WHAT TO DO:
Ignoring every picture, return the lines of the listing below word for word, from the line that holds "Choquehuanca: Nunca ha" through the line that holds "Restaurant de Peerdestal in Ellecom.".

MATERIAL TO PROCESS:
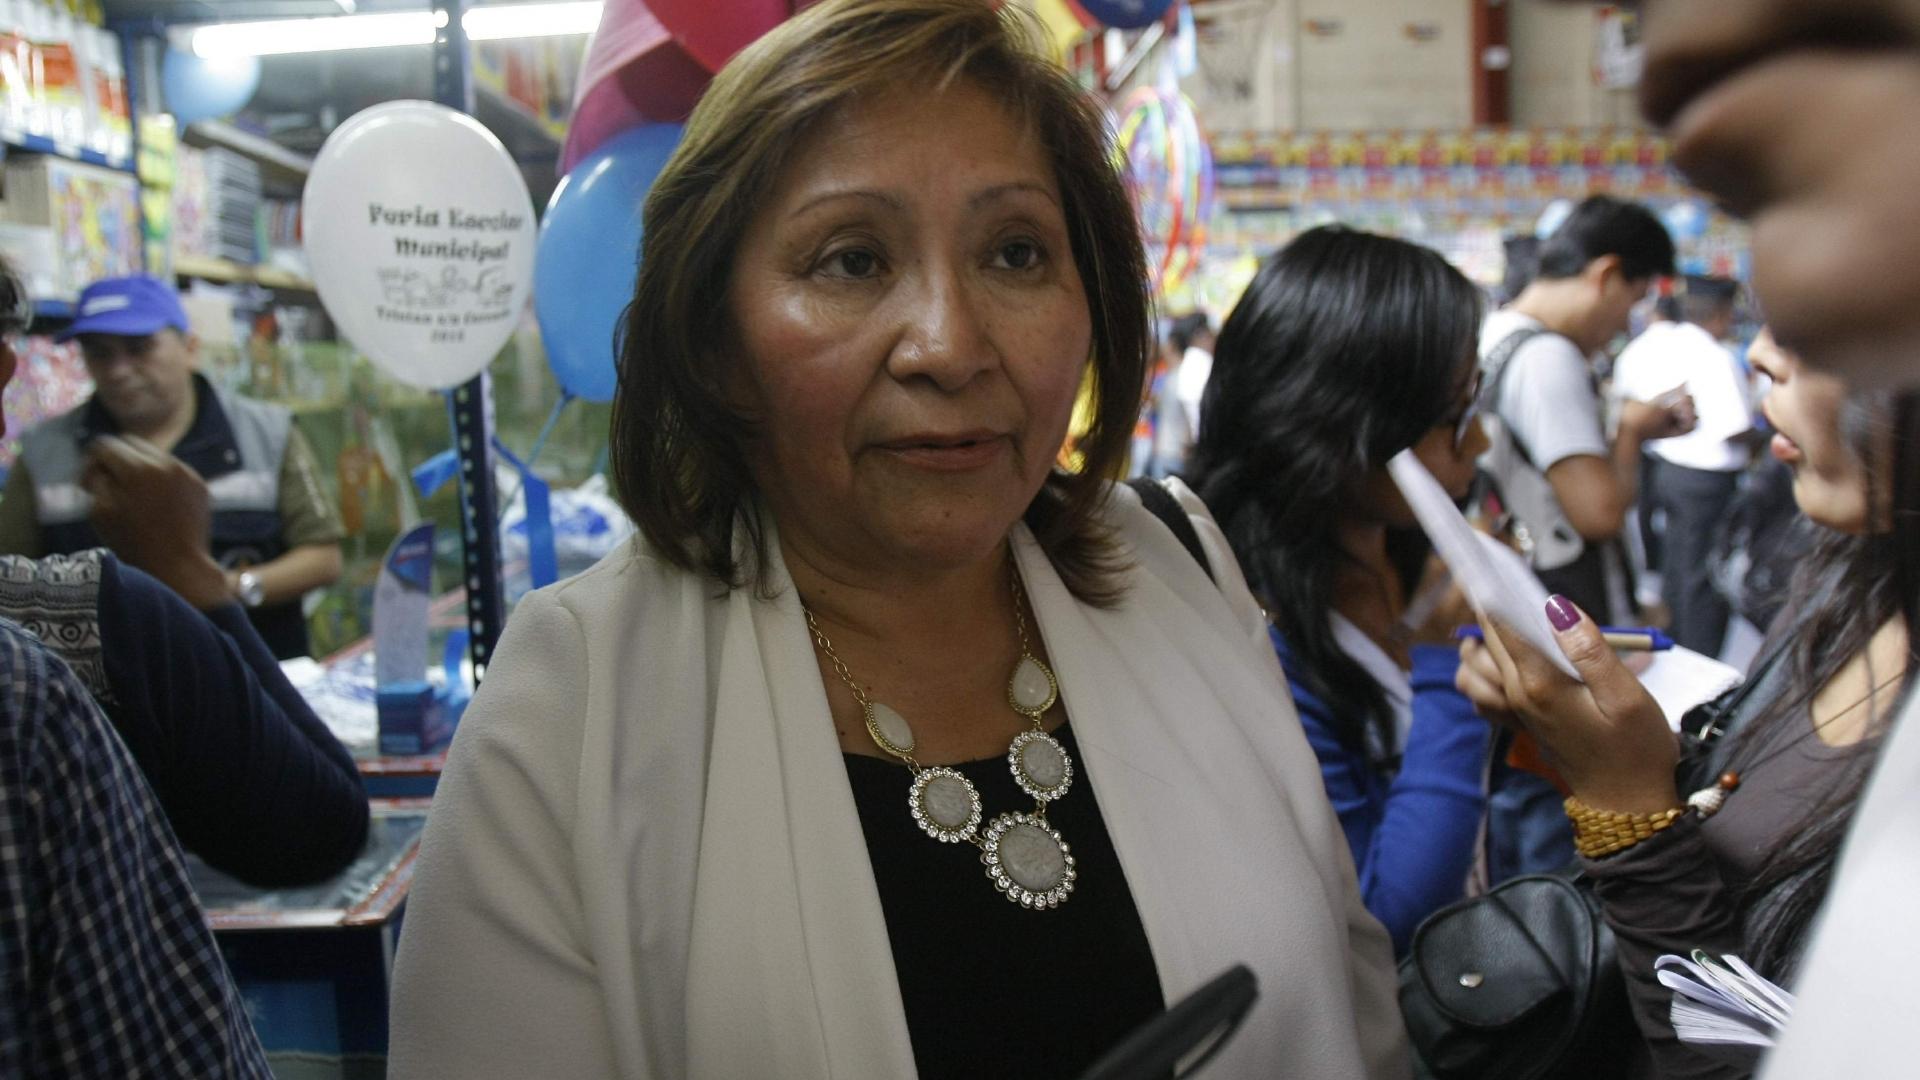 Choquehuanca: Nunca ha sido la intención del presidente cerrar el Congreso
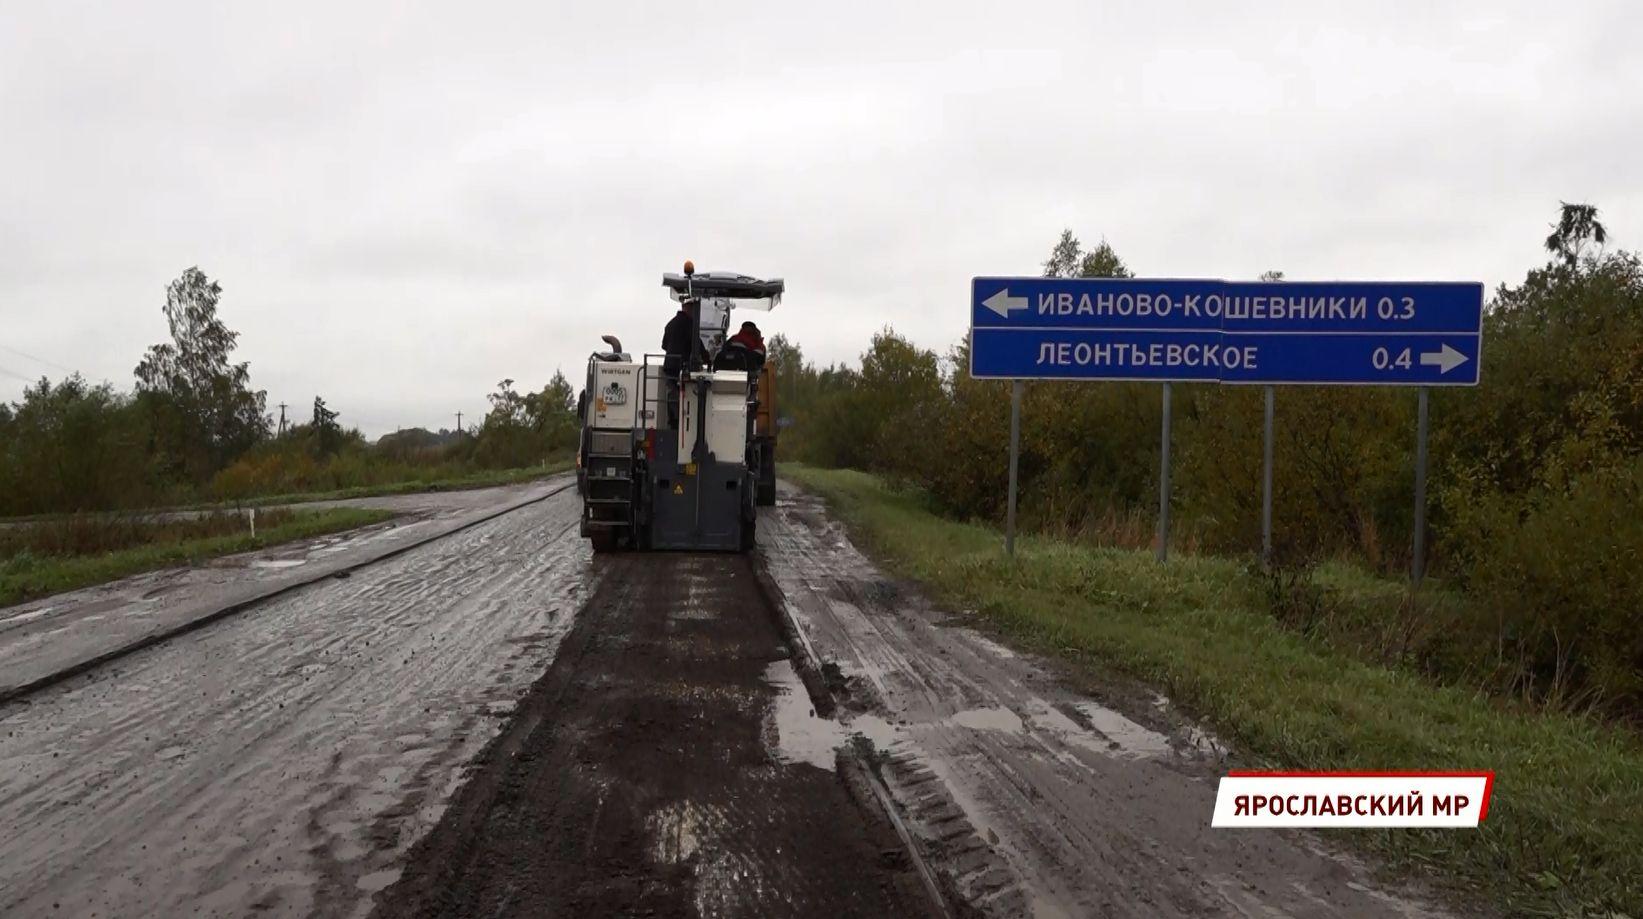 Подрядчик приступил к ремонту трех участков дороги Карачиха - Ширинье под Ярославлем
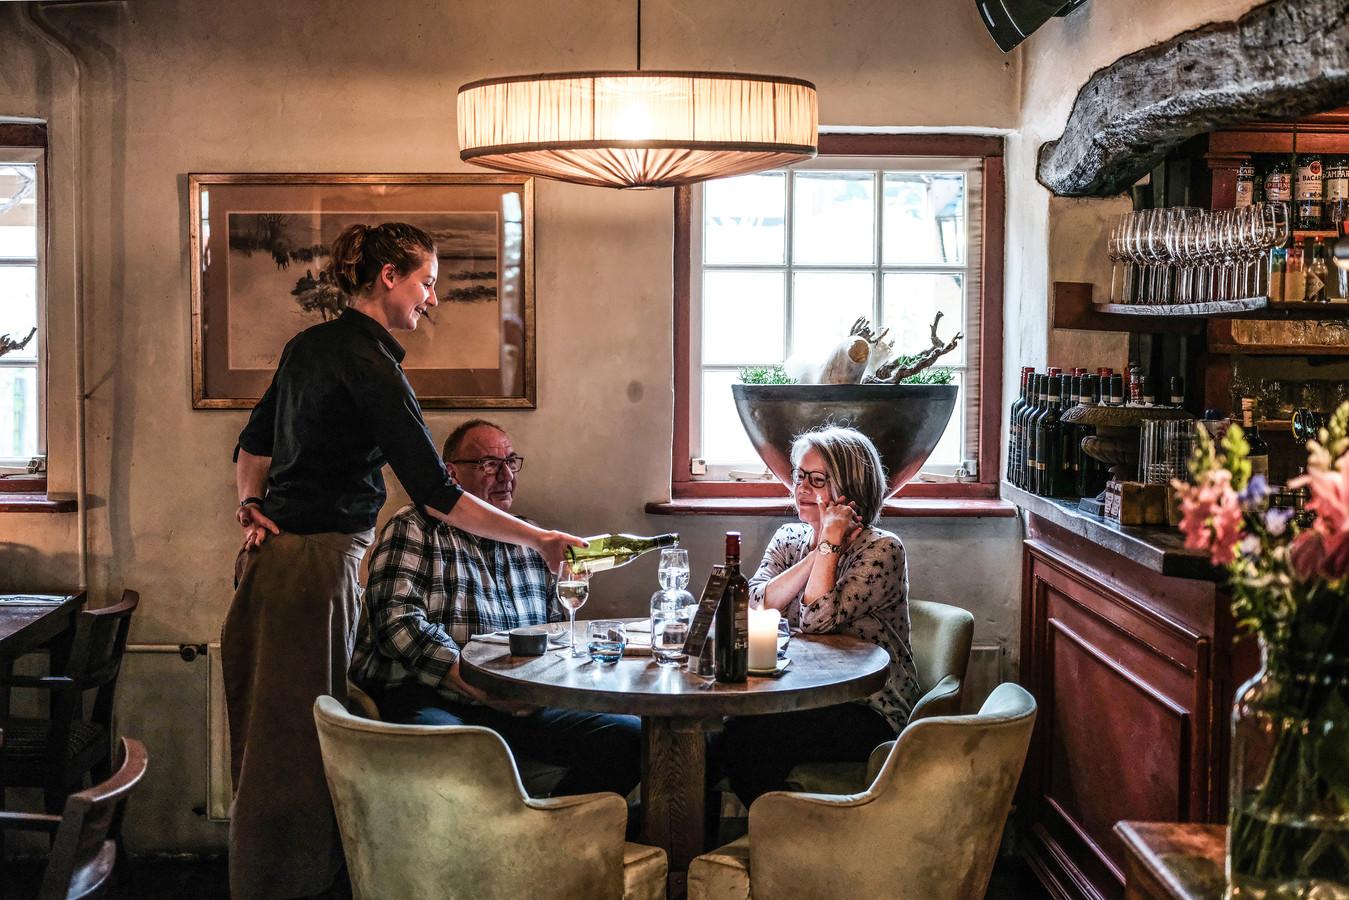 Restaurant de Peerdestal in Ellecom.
--
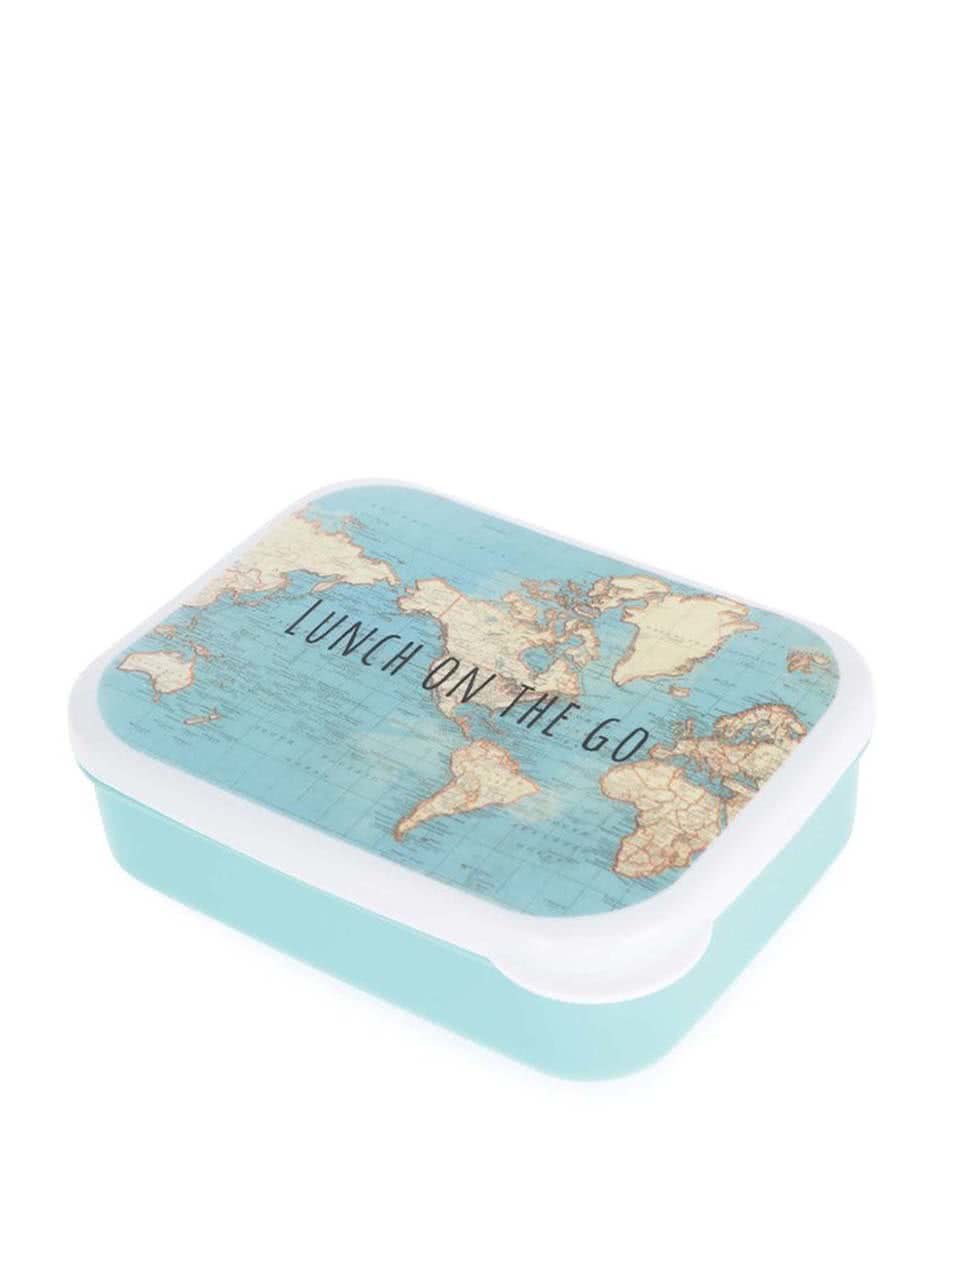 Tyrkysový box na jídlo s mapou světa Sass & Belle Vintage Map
* * *
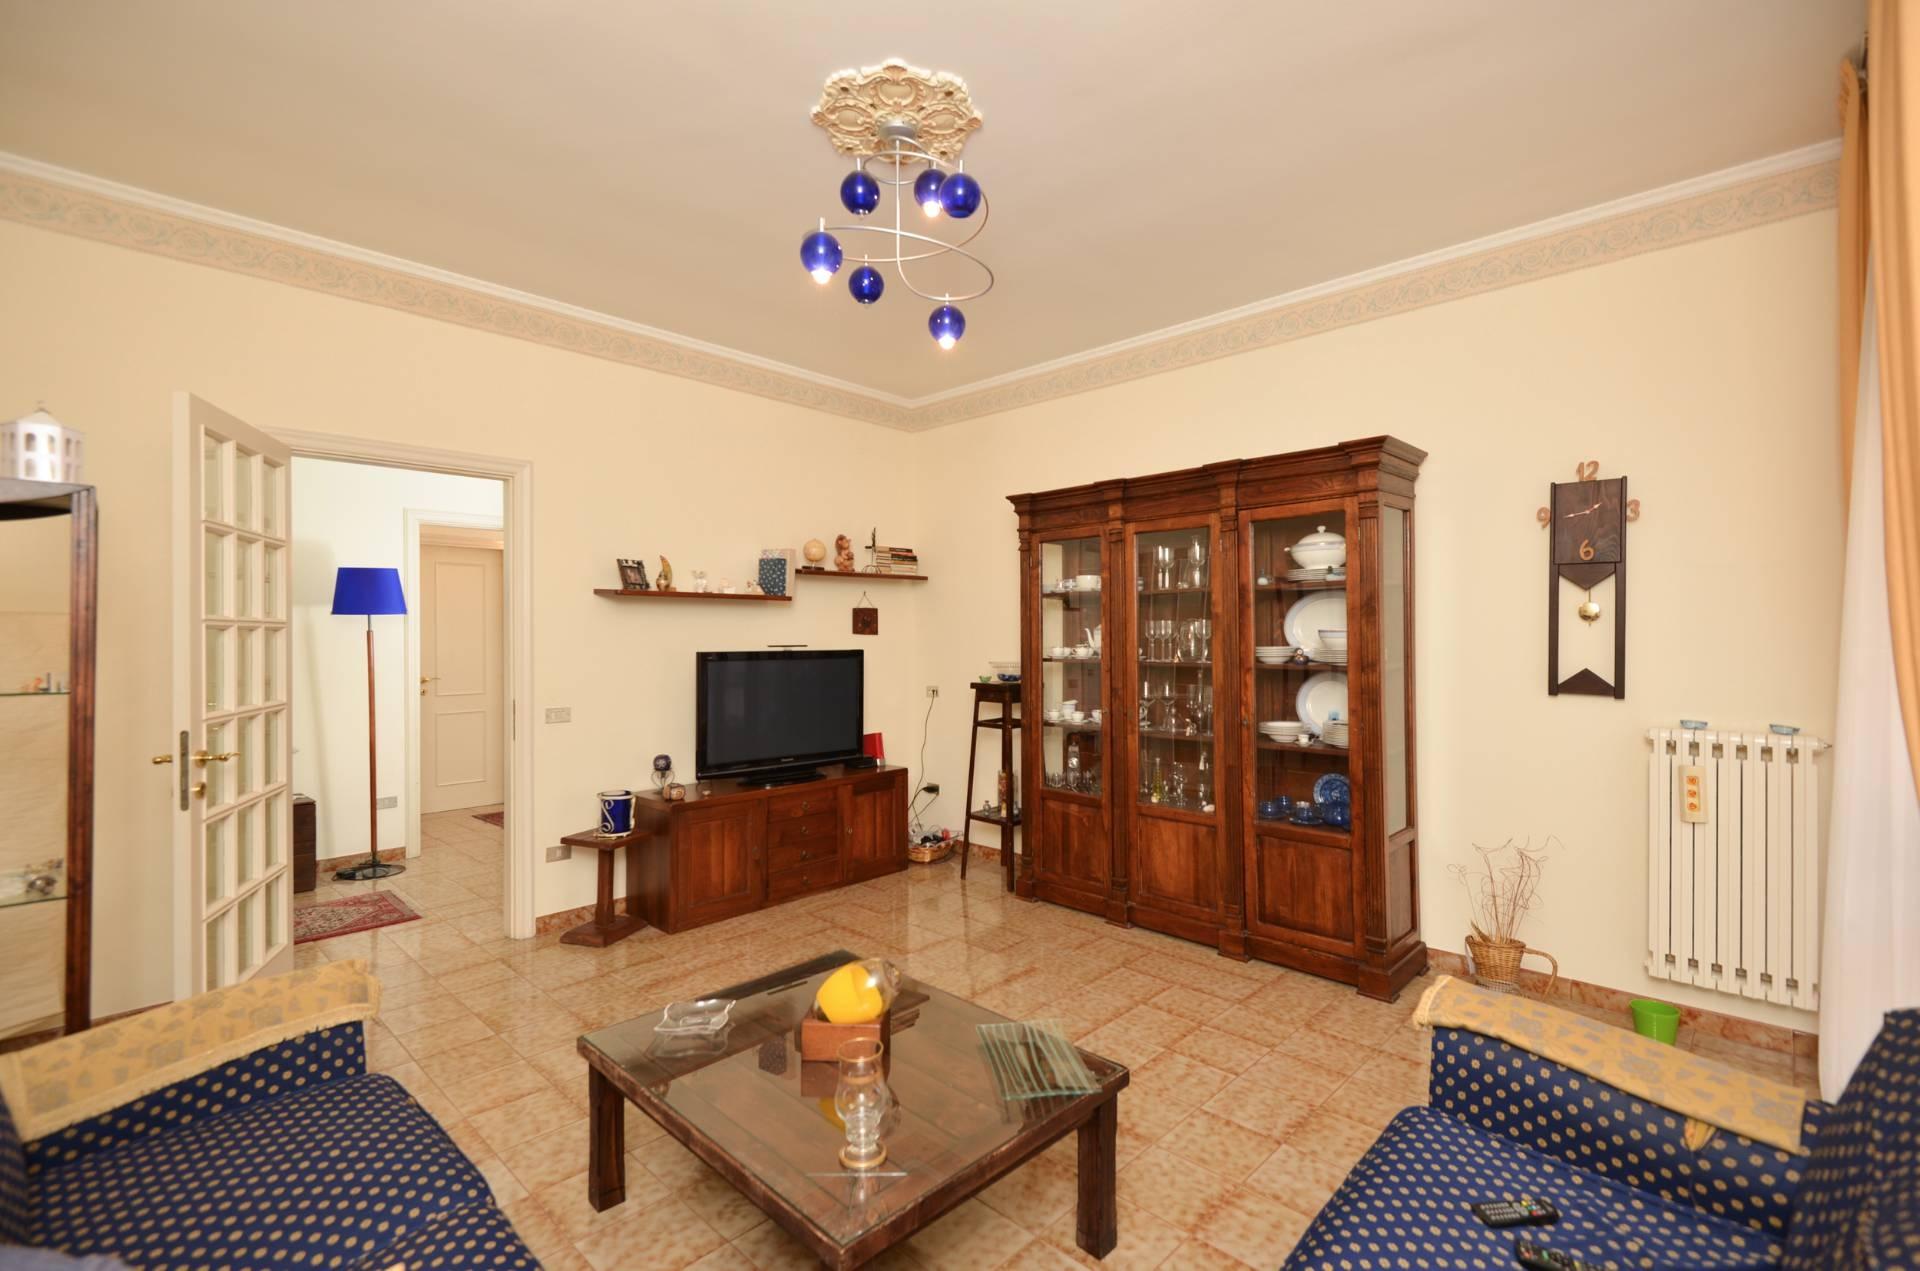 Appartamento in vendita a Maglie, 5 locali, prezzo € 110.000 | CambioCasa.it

WRITTEN ANSWER:
 Choquehuanca: Nunca ha sido la intención del presidente cerrar el Congreso
 Подрядчик приступил к ремонту трех участков дороги Карачиха - Ширинье под Ярославлем
 Restaurant de Peerdestal in Ellecom.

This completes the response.